Suddenly he changed back into the Presidential orator.

“These radicals, still dedicated after a decade or two of dormancy, waited for the rallying cry. And it came! It came from those who had wormed their way into government and society and positions of importance! They trained at an abandoned Army test range near Tucson, gathering the scum of the earth from its four corners. And Bede gave them the weapon. The Wilderness Organism.”

Again he paused, but remained in his professional charismatic pose.

“Yes, my fellow Americans! But it was not complete. Oh, no. No such beast could be perfect without testing. So they tested it on you. On small-town America, where they could observe its properties and effects. And, when they were ready, they made plans to strike at the heart of our major cities. The tragedies in Chicago and New Orleans are witness to what the whole country could have undergone—and may still. For such elements as these still exist in society!”

He stopped, relaxed, and put down the sheets. “That’s all the further Barry got on it. We probably will go through another draft or two, but it’s pretty effective. The rest is spelling out the plans and justifying them, and you know all that by now anyway.”

Most of them nodded.

There was a commotion at a far door, and heads turned as two Secret Service men entered, flanking a tiny, strange-looking little man with a big nose.

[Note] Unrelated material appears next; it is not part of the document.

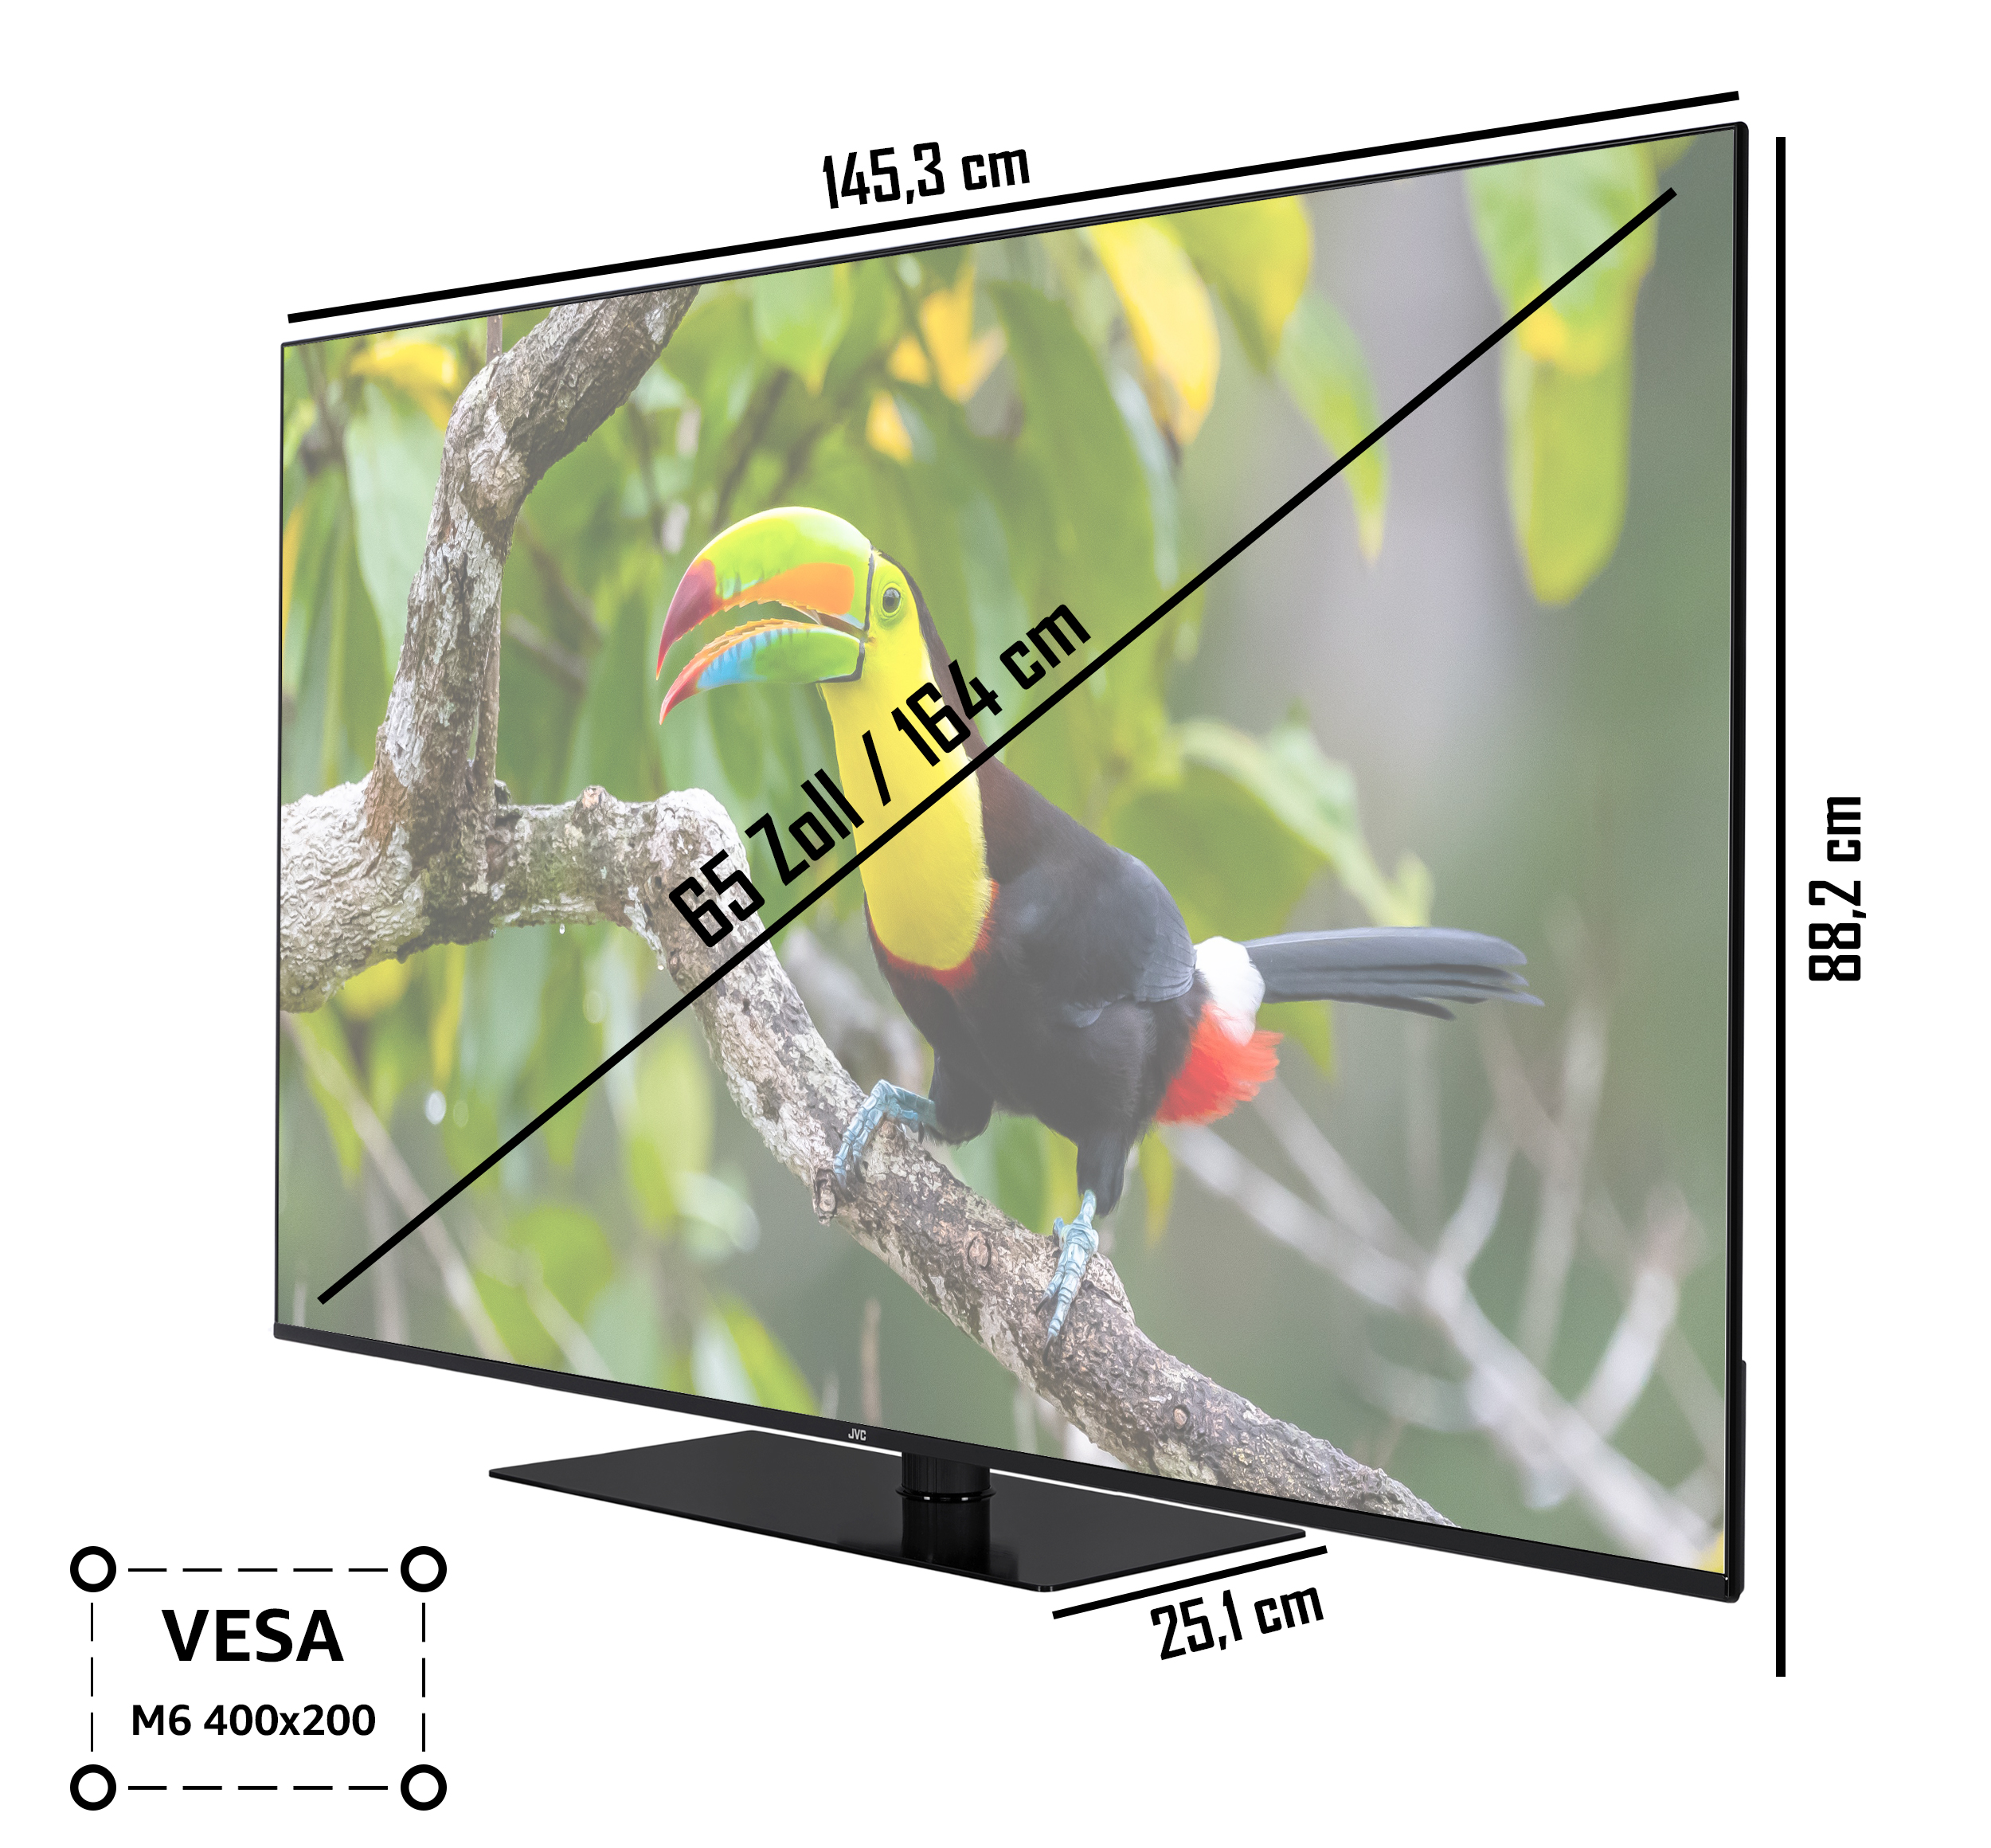 JVC LT-65VU6355 LED TV) (Flat, 65 UHD 4K, / TV SMART 164 Zoll cm

“Chief Inspector Edelman!” Wainwright boomed. “Please come up here so I can shake your hand.” He turned to the rehearsed audience. “This is the man who saved the country!”

Jake Edelman came up and accepted the handshake and the polite applause of the bigwigs.

“Inspector, I would like you to brief us all personally on the plot, how you solved it, and how it all worked,” Wainwright said. “Barry Sandler, there, is writing tomorrow’s speech, and we want to give credit where credit is due and also get the thing a hundred percent accurate.” He pointed. “You can take that chair, there. It’s Al Honner’s. As you might have heard, he had a really bad heart attack.”